The smoothed probability plot for KSE exhibits a flux in the volatility regimes. Even where it appears to be in either regime, the volatility oscillated somewhat. The rapid regime changes could be the result of interest rate on sensitive financial and banking services dominating the KSE. Elyasiani and Mansur (1998), Akella and Chen (1990) and Kurov (2010) identified the transmission of interest rate regimes to the bank and financial services firms which indeed triggers the heightened response of the stocks.

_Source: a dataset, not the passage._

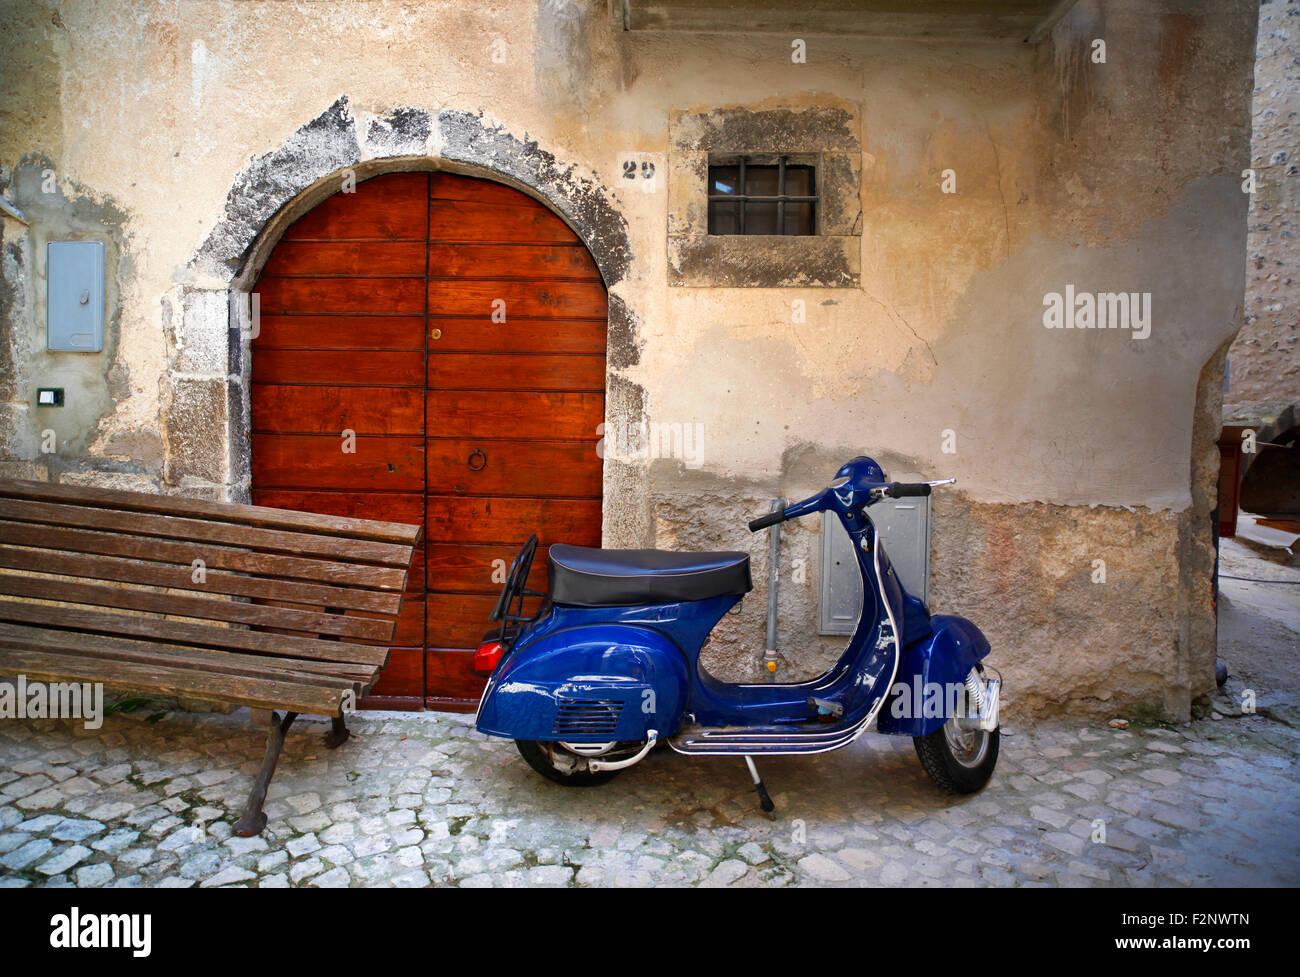 Vespa scooter, Fontecchio, Italy. - Stock Image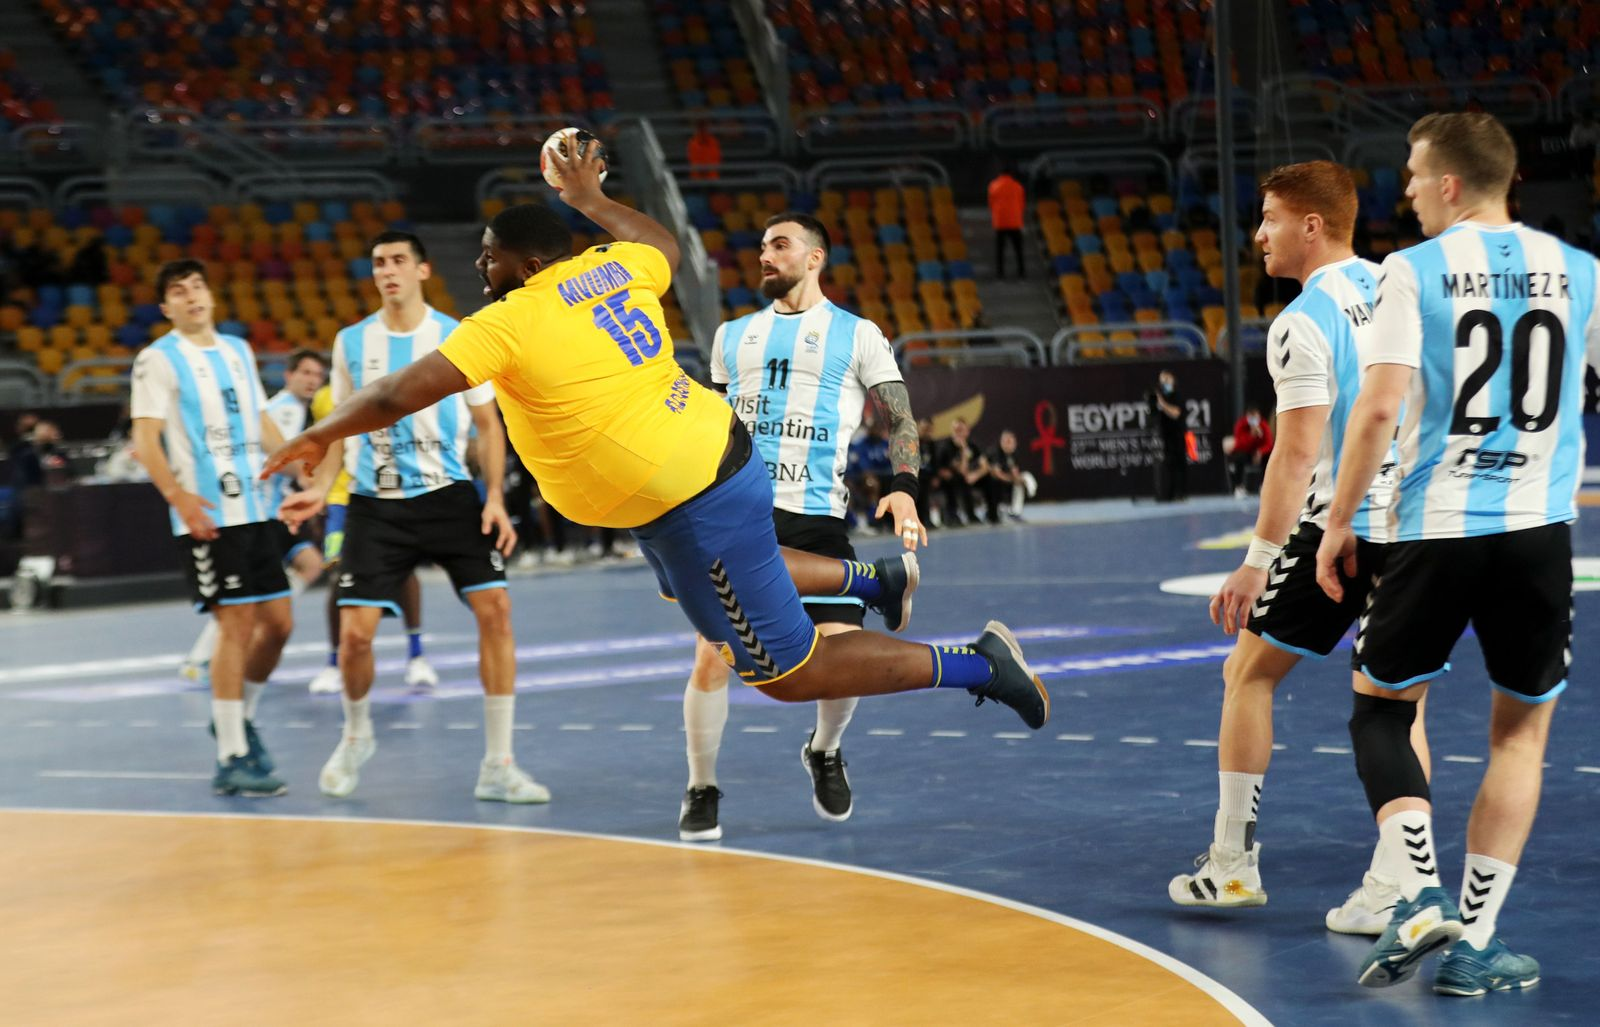 Men Handball World Championship 2021, Cairo, Egypt - 15 Jan 2021

BSI shows the switch from low to high volatility regimes occurs with near regularity. In Figure 4, we see a market exhibiting an unstable regime, switching and each regime lasting for only short periods. BSI, even though, very small, has the most foreign firms with dual listing on the local and outside markets like London, Johannesburg, Toronto and Australia. The regularity of the market swings on the BSI could be a reflection of market volatility coming from outside Botswana. The volatility estimates and transition probabilities in each regime for the respective exchanges is summarized in the appendix Tables A1 to A4.



These regime changes and when they occur is relevant, first, to the pricing of financial assets and, secondly, to regulators in the setting of regulatory and risk capital.


Assets prices are based on their associated risks. In the low volatility regimes, risks of equities are stable. Asset prices therefore have to be priced with the particular regime in mind. Again, bearing in mind the changes in regimes, long-dated assets like equity derivatives should be staircased so that their prices vary according to market volatility regimes and subsequently change when prices recover or otherwise. For regulators, it is essential the economy uses capital properly. Risk allocation capital of firms should be tied to the regimes and therefore must be allowed to track the risks in the market and fall when volatility recedes. Lindquist (2004) proposed setting capital for especially banks to be sensitive to the risk in their assets. It will be prudent extending this proposal to cover all listed trading institutions to ensure they do not carry too much capital at any time than required.


Volatility is one of the measures used to measure the risk associated with equity trading in financial markets and understanding the dynamics of how this evolved is essential. Equity markets are made up of changing regimes stemming from the underlying shocks in the economy. These changes, according to Ang and Timmermann (2012), influence the level of volatility of the returns. For investment, trading and risk management purposes, detecting the change points in these regimes is essential to investment strategy. Traders able to detect the market regimes are better positioned to manage their strategies to prevent exposure to excess volatility. For the sub-Saharan African frontier markets, switching behaviour as a result of change in macroeconomic policy, regulations to do with financial and capital markets or indeed development in the socio-political landscape present a huge challenge for investment managers. This work helps in the identification of the regimes to help optimize trading in line with the regimes.


The authors have not declared any conflict of interest.